Jefferson finished the first draft after a few days work and sent it to Benjamin Franklin on the morning of June 21, asking for suggestions. Franklin made just a few changes. In the most famous passage, Jefferson had written, "We hold these truths to be sacred and undeniable." Franklin changed it to, "We hold these truths to be self-evident."

The Continental Congress made a lot more changes to Jefferson's draft when they considered its adoption. They deleted passages that attacked the British people, rather than just the king, and they cut an entire paragraph in which Jefferson had attacked the king for perpetuating the slave trade. The last five paragraphs were considered too long and rambling, and so they were reduced by half. In total, they made 86 changes, eliminating 480 words and leaving 1,337. Jefferson found the process of revision extremely painful. He later said, "I was sitting by Dr. Franklin, who perceived that I was not insensible to these mutilations."

It was on this day in 1845 that Henry David Thoreau (books by this author) moved into his cabin on Walden Pond, just outside Concord, Massachusetts. He was not quite 28 years old at the time, and he had decided to try an experiment in simple living. He was inspired in part by the memory of a summer trip he took with his beloved brother John just before his brother had died of lockjaw.

Thoreau built a tiny cabin on the land, 10 feet wide and 15 feet long, with an attic and a closet, two windows, and a fireplace. It cost 28 dollars and 12 cents to build. The single biggest expenditure was $3.90 for nails. He moved into the cabin on this day, Independence Day, in 1845, to signify his new independence from his family and from civilization. But he had not exactly moved to the wilderness. There were farms in the area, and Thoreau could see the nearby railroad tracks from his cabin's window. He walked to town every day, and his mother frequently gave him bundles of food to eat.

But at his cabin, he kept a huge garden, seven miles of bean rows altogether, and he spent a lot of time weeding them and chasing away the woodchucks. He baked unleavened bread on a stone over a fire in the sand outside, and supported himself by hiring himself out as a surveyor and a builder. He found he could earn enough money if he worked for about a month and a half out of the year.

Thoreau ultimately lived at Walden for two years, two months, and two days. And he wrote it all down, trying to capture how his experience changed his view of civilization, and what it was he loved so much about this small, unimportant place. He published Walden; or Life in the Woods in 1854. It sold 256 copies in its first year, but it has never gone out of print, and has been translated into virtually every language.

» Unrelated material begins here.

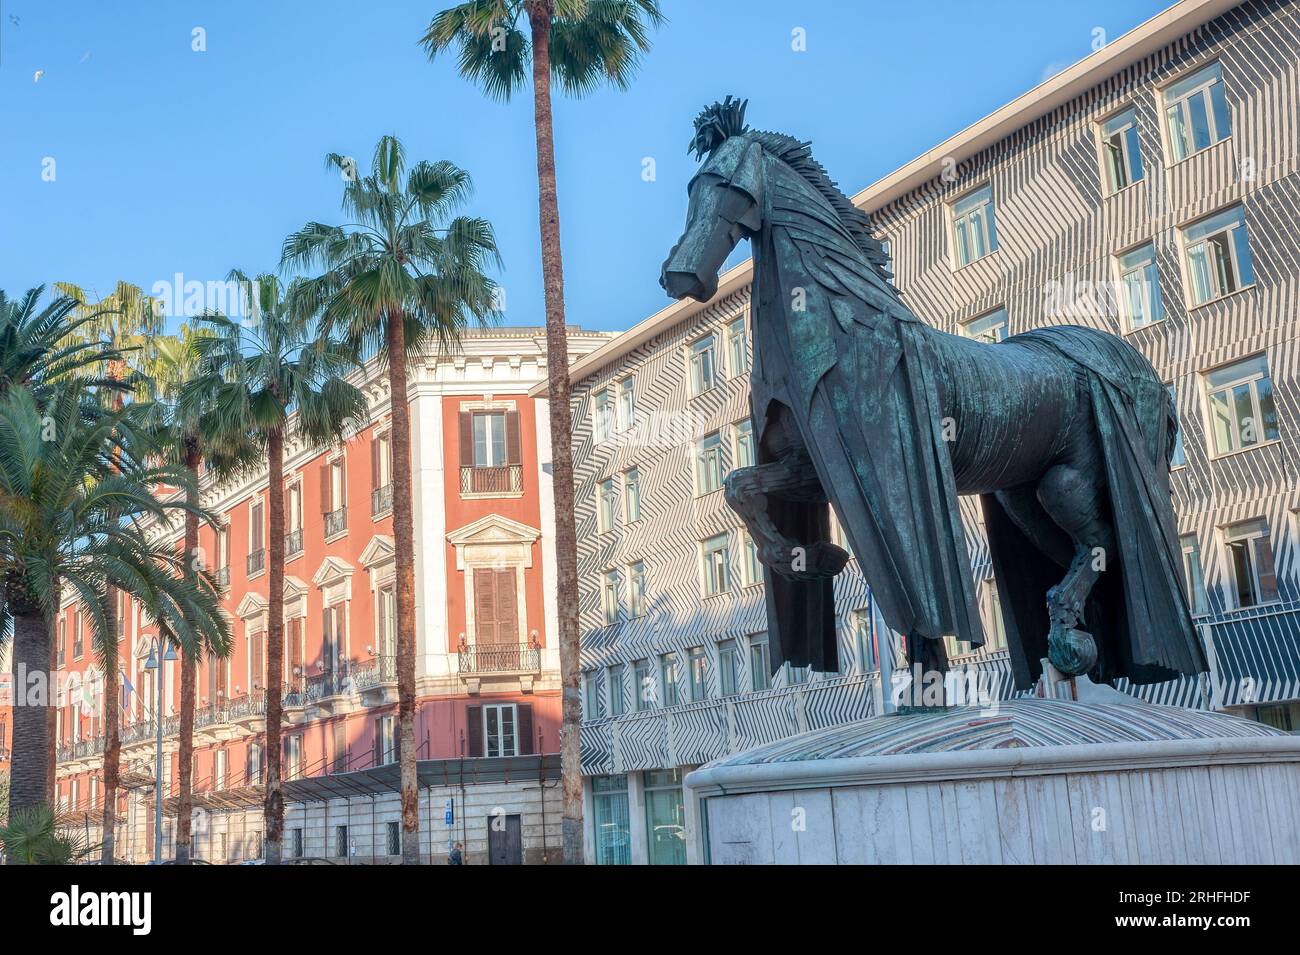 Realized by the artist Mario Ceroli in 1985, the statue was owned by municipality and placed in Corso Vittorio Emanuele Stock Photo

It's the birthday of the first great American novelist, Nathaniel Hawthorne (books by this author), born in Salem, Massachusetts (1804). He was an aspiring writer, working at the custom house in Boston, when he lost his job. When he came home to tell his wife the news, she said, "Now you can write your book." He asked what she proposed they live on while he wrote, and she opened a desk drawer and showed him a pile of gold pieces she'd saved out of the household allowance – $150, enough to cover their expenses for several months. He sat down at once and began work on The Scarlet Letter (1850), about a Puritan woman named Hester Prynne who has to wear the letter "A" on her chest after she commits adultery. The first edition of 5,000 copies sold out in 10 days.